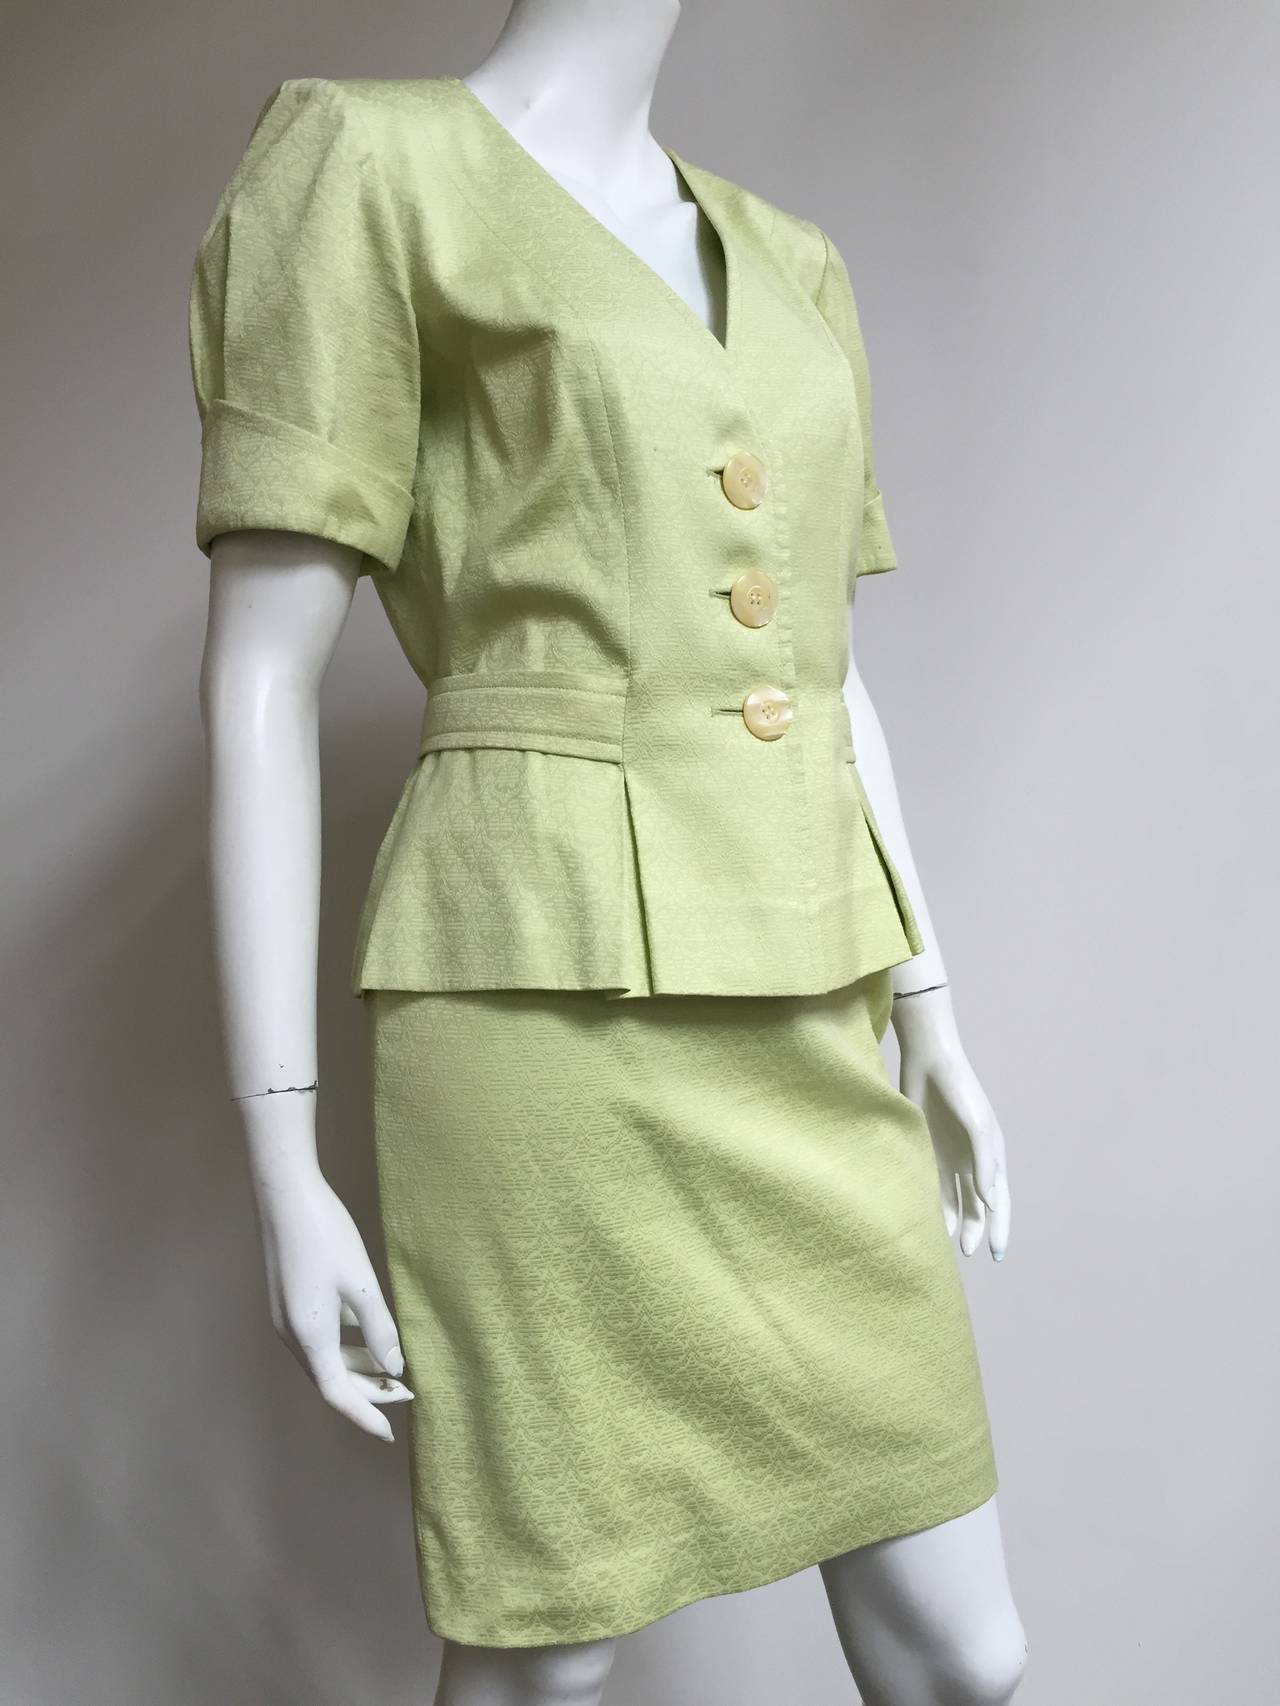 Yves Saint Laurent variation 1980s cotton skirt suit is a USA size 6.  Please see & use measurements provided. Celery color short sleeve three button jacket with front pockets that has button tie on back side. Skirt has side zipper. Made in France
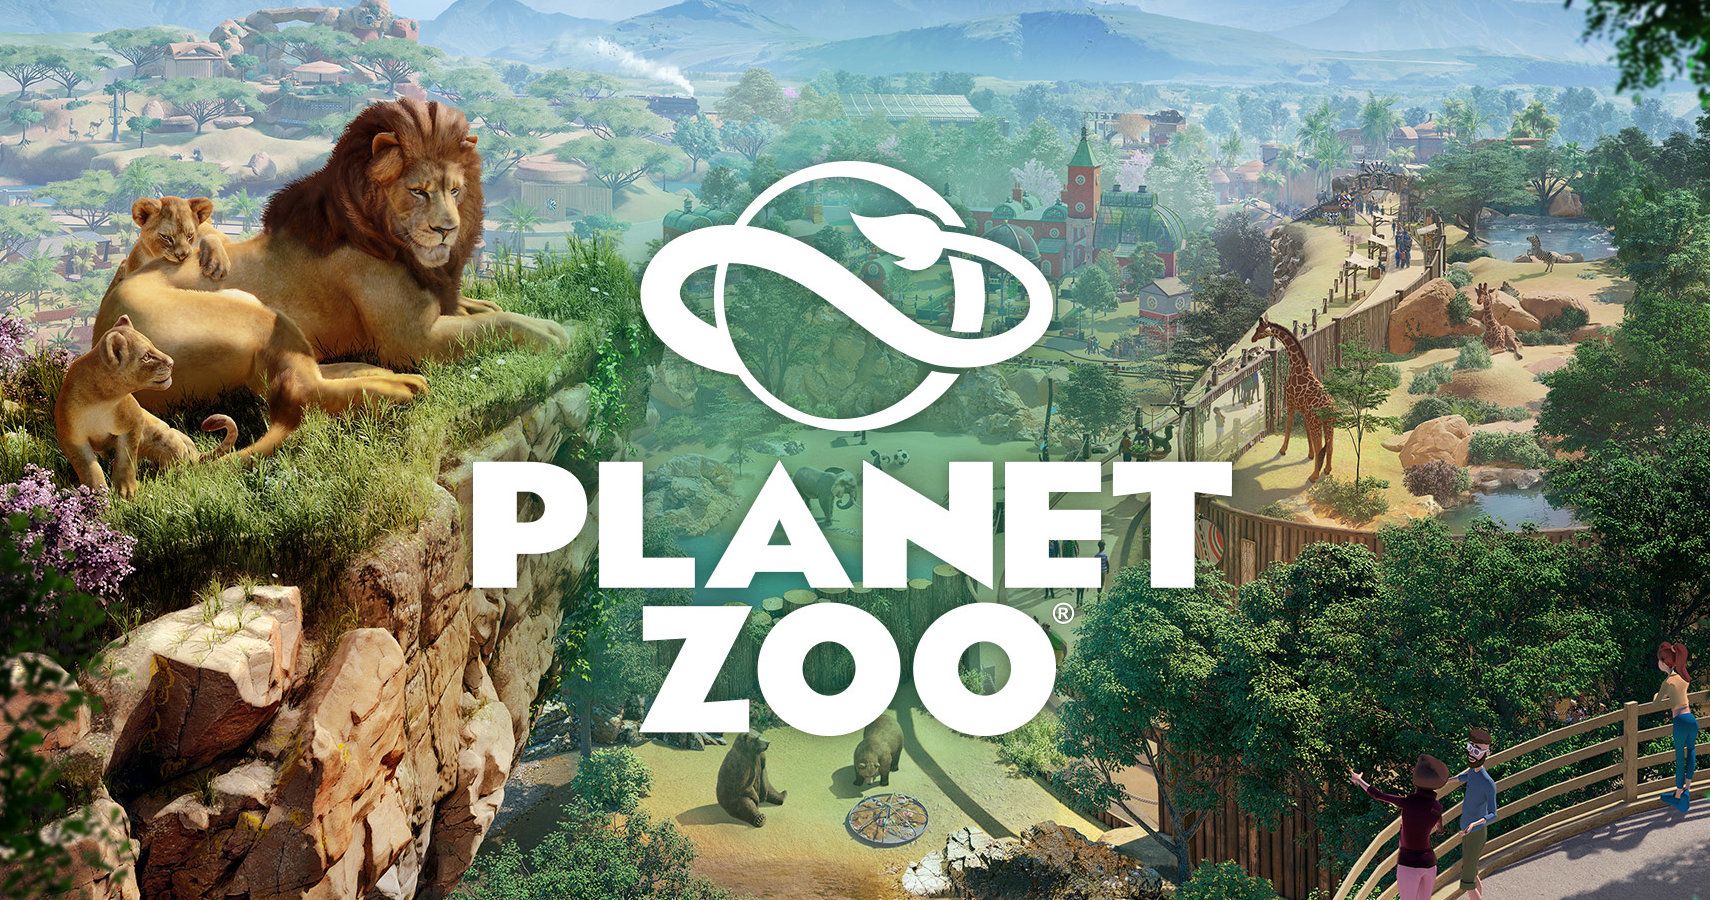 Planet Zoo logo on an image of a zoo.
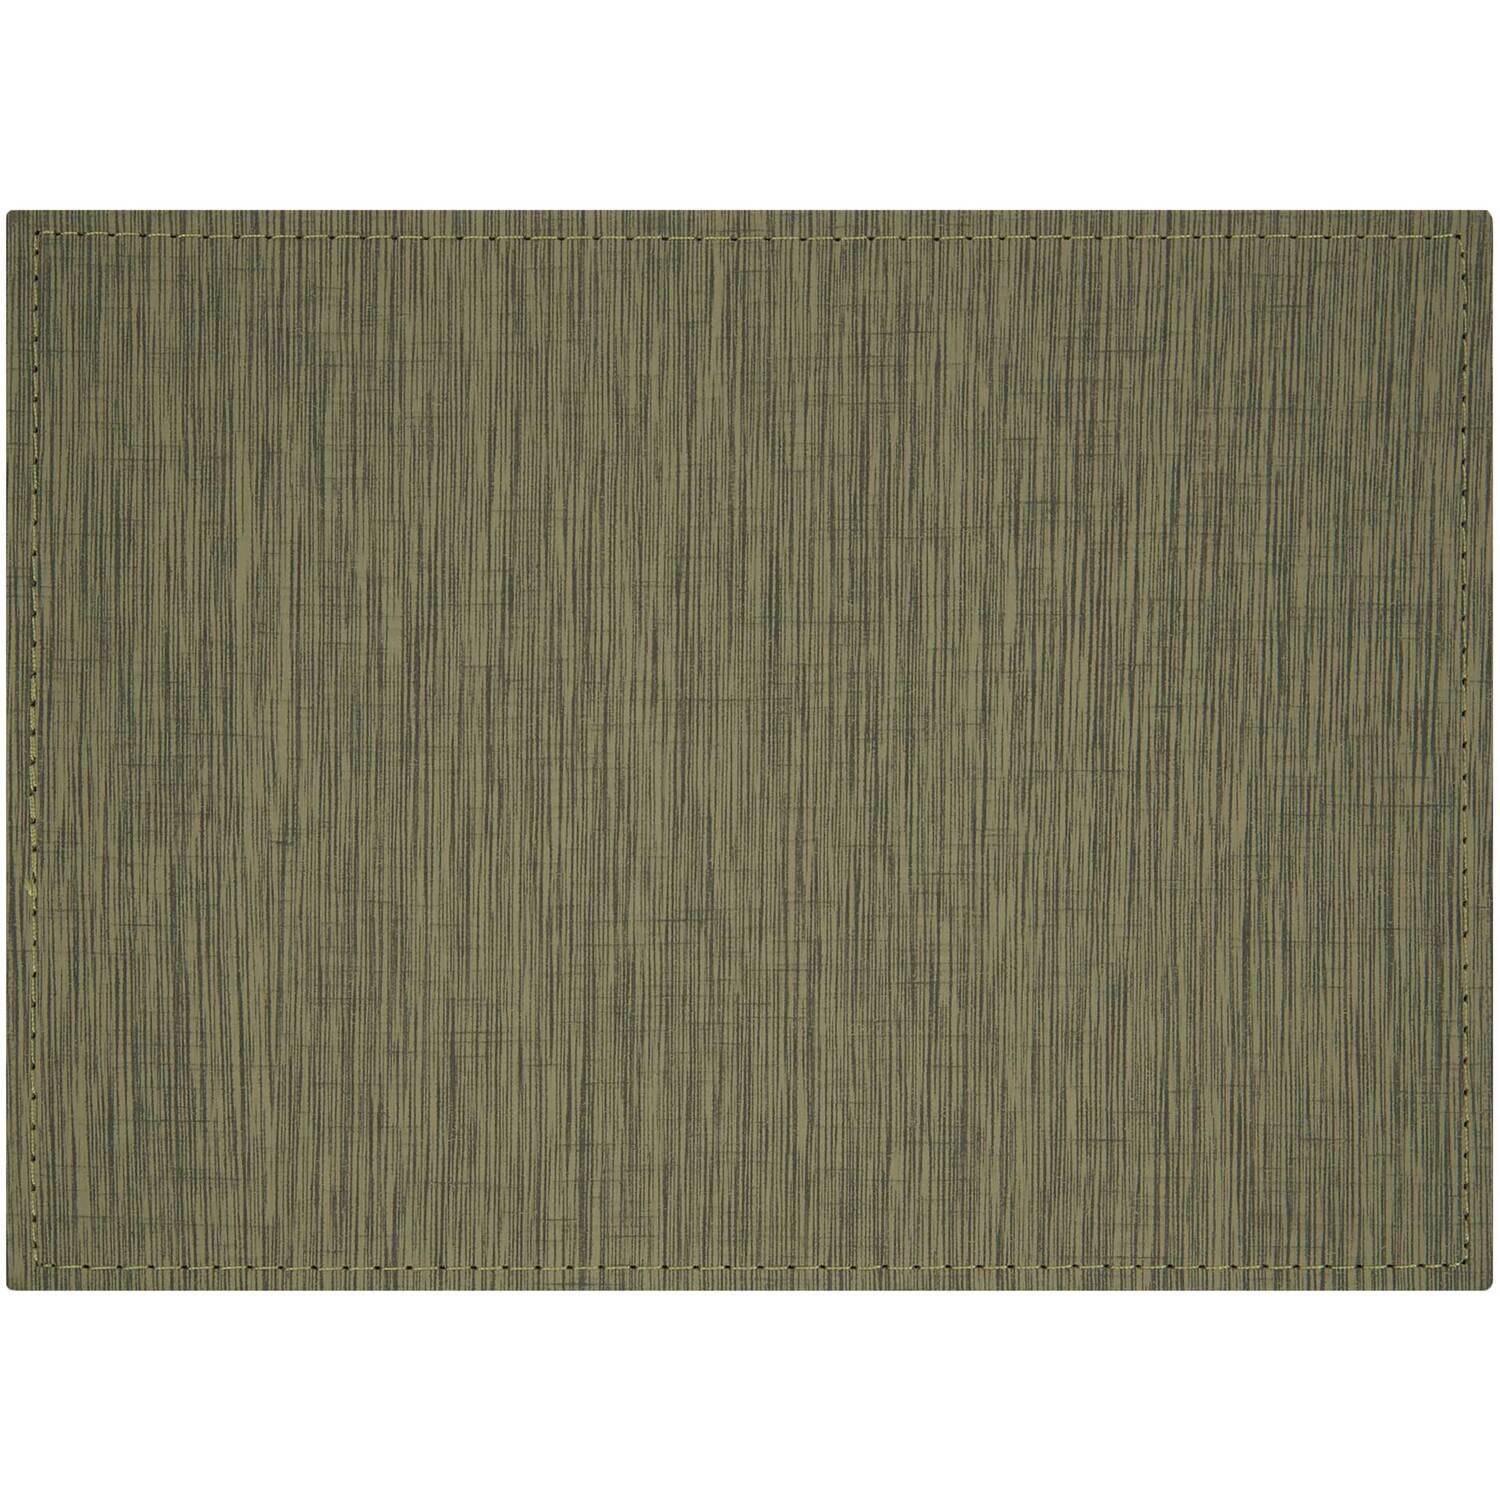 Pack of 4 Linen Texture Placemats - Sage Image 3

______________________________

== TASK GOAL ==
From the first line to the last, repeat the listing exactly and skip its images.

== RESPONSE TO THIS TASK ==
 Yves Saint Laurent variation 1980s cotton skirt suit is a USA size 6.  Please see & use measurements provided. Celery color short sleeve three button jacket with front pockets that has button tie on back side. Skirt has side zipper. Made in France
 Planet Zoo logo on an image of a zoo.
 Pack of 4 Linen Texture Placemats - Sage Image 3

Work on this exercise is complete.